From a valuation standpoint, HOOD remains a momentum-heavy financial stock that can re-rate quickly. The market is essentially pricing the platform as a growing consumer finance ecosystem with trading as the engine, not the destination. That is why a revenue miss can sting more than an EPS beat helps: it raises fears that growth is uneven, and it makes investors question how dependable the next leg of expansion will be if crypto revenue stays soft.

Still, the counterpoint is visible inside the quarter: equities and options showed clear strength, subscriptions expanded, and balances grew. If management can keep shifting the mix toward recurring revenue and broader financial products while stabilizing crypto monetization, the stock’s volatility may become an opportunity for investors who prefer buying after forced selling rather than chasing the highs.

For readers tracking the earnings details and the company’s own breakdown, Robinhood published the full report and tables in its Q4 2025 results release, including segment revenue lines, user metrics, and balance trends.
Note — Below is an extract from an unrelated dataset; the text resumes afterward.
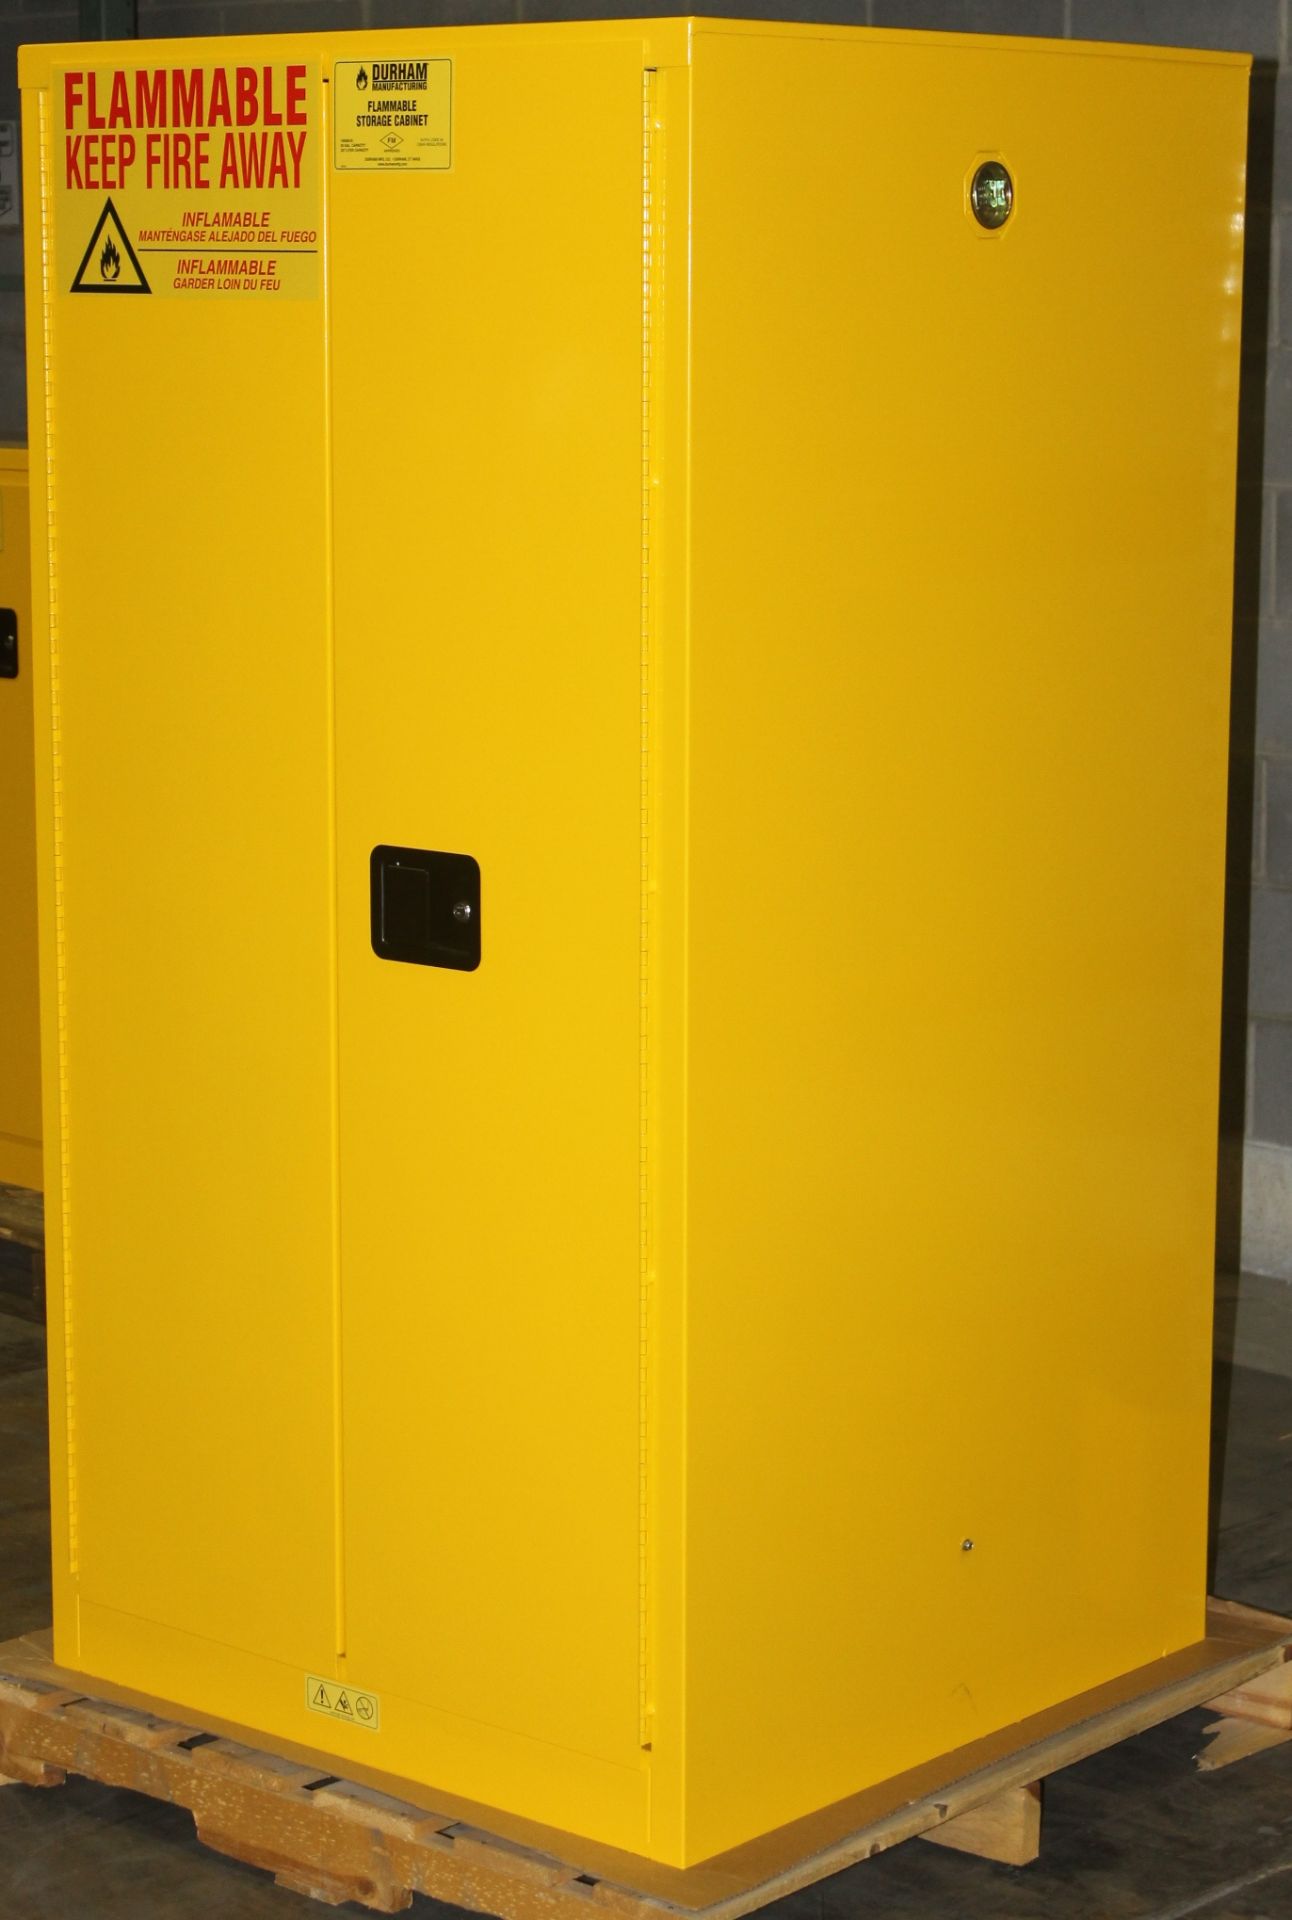 60 GALLONS FLAMMABLE SAFETY STORAGE CABINET,  NEW NEVER USED MODEL: 1060M-50 2 SHELVES 60 GALLONS - Image 3 of 4
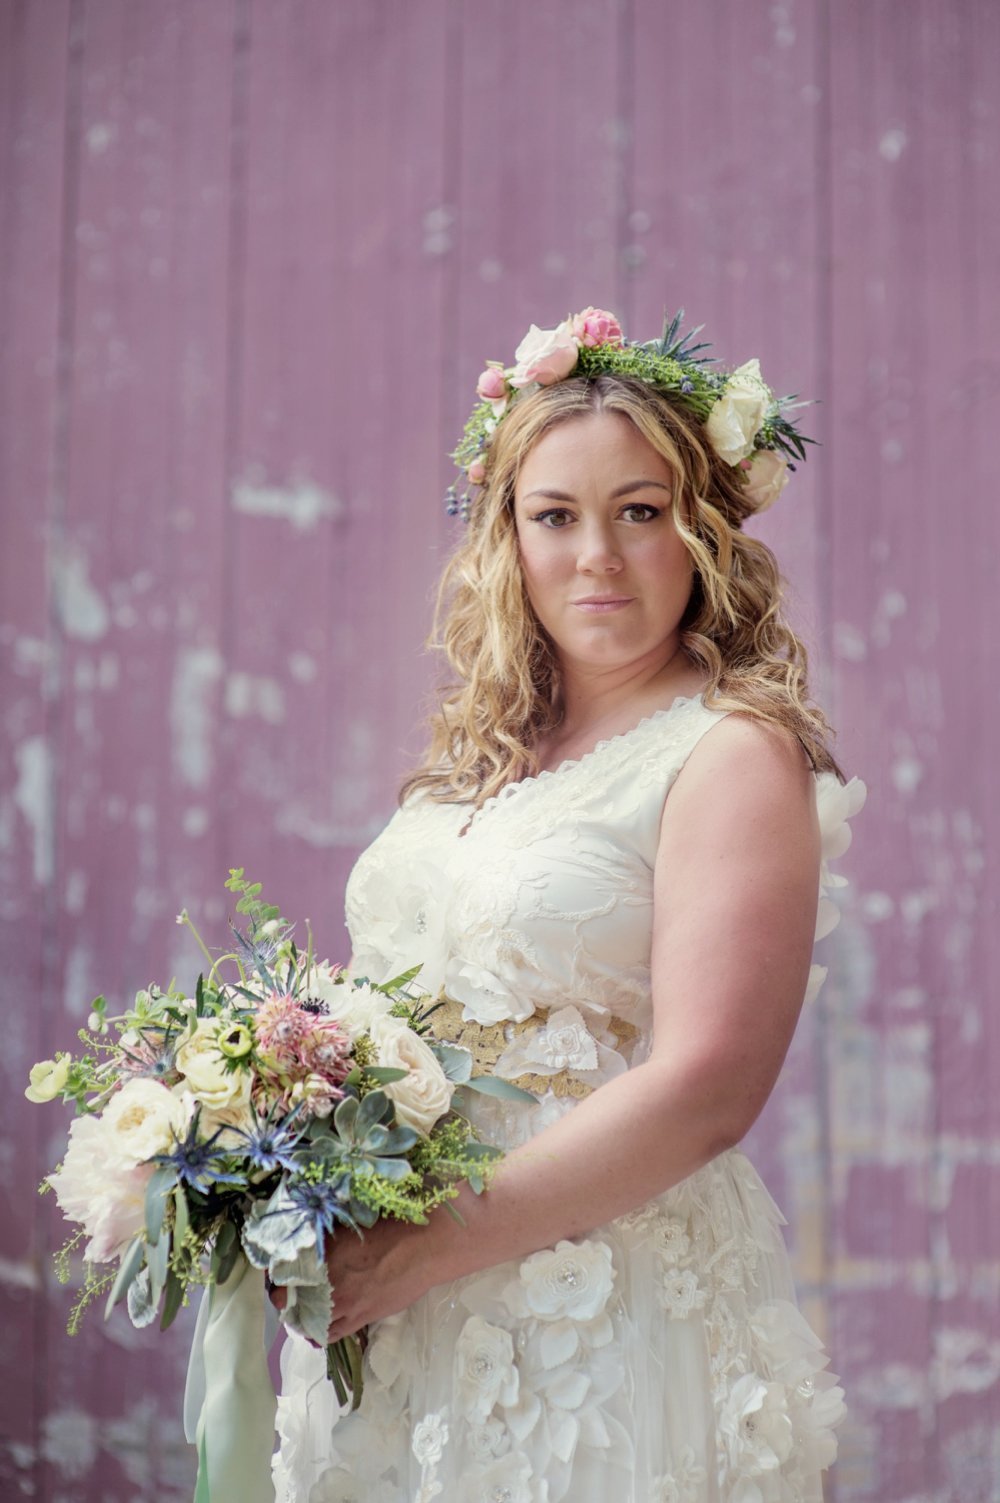 Gorgeous bride with floral crown in a Claire Pettibone gown with rustic bouquet

If HOOD continues to trade like an earnings-driven momentum name, the next clues will come from two places: whether retail activity rebounds in equities and options, and whether crypto trading and related revenue find a steadier footing. Until then, Robinhood remains one of the most watched “risk-on” financial stocks on the Nasdaq, with moves that can be calmer for weeks and then explosive in a single session when the numbers surprise.